Donald's Encyclopedia of Popular Music


KING label

Country and R&B record label complex including Queen, Federal, and De Luxe, established in 1945 in Cincinnati by Syd Nathan, who left the department store business, built a music factory in a disused icehouse that did everything from recording and pressing to printing the sleeves for LPs. The Boone County Jamboree on local WLW radio became Midwestern Hayride '45; the town was a regional centre for country music, also a gateway to the steel mills of the north, with a black population and a local Cotton Club that booked big-name black bands.

Nathan signed Lucky Millinder vocalist Bull Moose Jackson (b Benjamin Clarence Jackson, 1919, Cleveland OH; d there 31 July 1989), and hired Millinder's arranger Henry Glover as producer/writer. Jackson had R&B hits (on Queen initially, to keep R&B and C&W separate) with 'I Love You, Yes I Do' (remade on Seven Arts '61, top ten again), 'All My Love Belongs To You', 'I Can't Go On Without You' '47-8, written by Glover with Nathan grabbing a credit (as 'Sally Nix' or 'Lois Mann', his wife's maiden name); 'Little Girl, Don't Cry' '49, co-written by Millinder. Jackson was a crooner; the King R&B sound was different from the West Coast style (though Jackson also recorded 'Ten-Inch Record', 'I Want A Bow-Legged Woman', etc).

Country acts included the Delmore Brothers (recorded 'Blues, Stay Away From Me' during 'hillbilly boogie' craze), Grandpa Jones, Bradley Kincaid, later Moon Mullican, Cowboy Copas, Hawkshaw Hawkins; a number 1 country hit in 1949 'Why Don't You Haul Off And Love Me' was co-written and sung by Wayne Raney. Long before Sun Records in Memphis combined black and country music, Nathan gave country songs to black artists and vice-versa; he owned the songs (published by Lois Music) and sold them twice: blacks did not buy country records, but bought (e.g.) Raney's hit covered by Jackson '49 for a number 2 R&B hit. Wynonie Harris, Lonnie Johnson, Ivory Joe Hunter, Little Willie John were King R&B artists (Harris recorded the country tune 'Bloodshot Eyes').

Glover brought Millinder and Tiny Bradshaw to the label and jump bands did even better than solo singers: Earl Bostic had an R&B number 1 '50 with 'Flamingo' (a hit for Duke Ellington with Herb Jeffries in 1941) but the milestone was 'Honky Tonk' by Bill Doggett, number 1 R&B and 2 pop in 1956. Ralph Bass joined the group in 1951 with his Federal label, including Billy Ward and his Dominoes (lead singer Clyde McPhatter): 'Sixty-Minute Man' and 'Have Mercy, Baby' were number 1 R&B hits. Nathan bought the De Luxe label from New Jersey; the Charms ('Hearts Of Stone' number 1 '54) became Otis Williams and the Charms for more hits. The Five Royales and Hank Ballard's Midnighters recorded for King; Joe Tex, the Platters, Otis Redding started there.

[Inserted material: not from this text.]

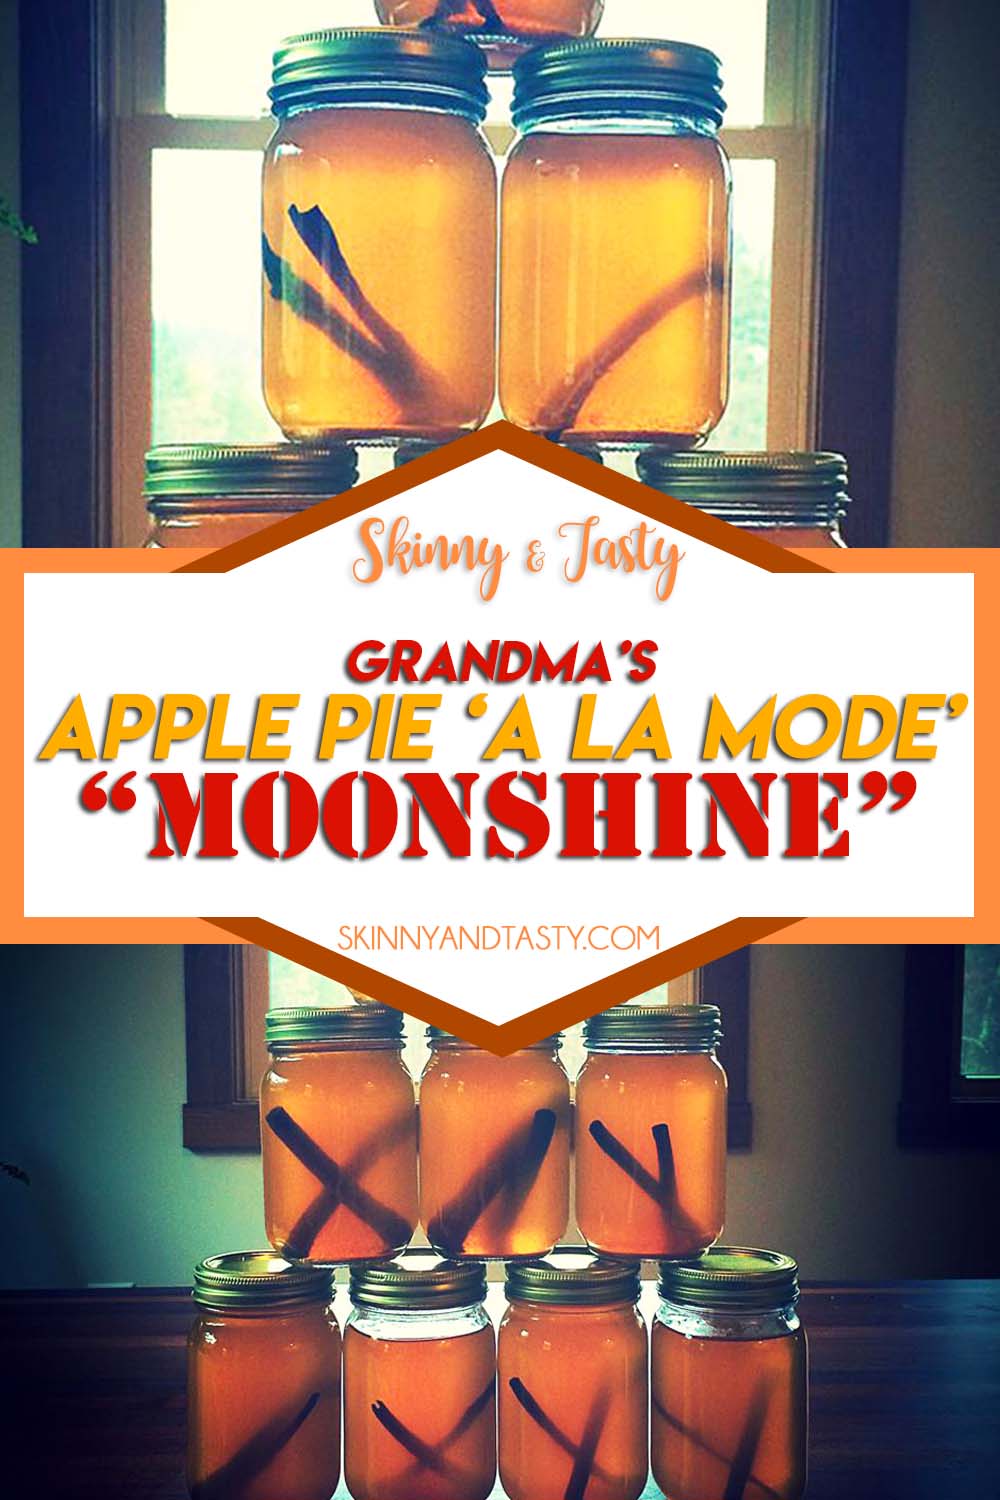 Apple Pie 'A La Mode' "Moonshine" Recipe

Music changed and Nathan's judgement was not always good: he refused to record James Brown's 'Do The Mashed Potatoes', it came out on a Dade (Florida) label as by Nat Kendrick (the drummer) and the Swans for a top ten R&B hit, but Nathan still didn't know who he was dealing with: Brown went on strike in 1964 when he was the hottest black artist in the country; his live act set audiences on fire but he did nothing for Nathan until Brown got his own way in 1965, and his Live At The Apollo was a huge hit and one of the first live albums in black pop. From then on Brown chose his own material and published his own music. Glover went to Roulette in 1956 and recorded Joey Dee's 'Peppermint Twist'; Gene Redd was R&B A&R at King and recorded early James Brown hits; Glover came back to King and went with it to Starday after Nathan died. Many reissues and compilations were available on King, Starday, Polydor, other labels as well as Charly UK: The King R&B Box Set '96 was four CDs, 85 classics covering '45-65, and there should have been another one for the country side.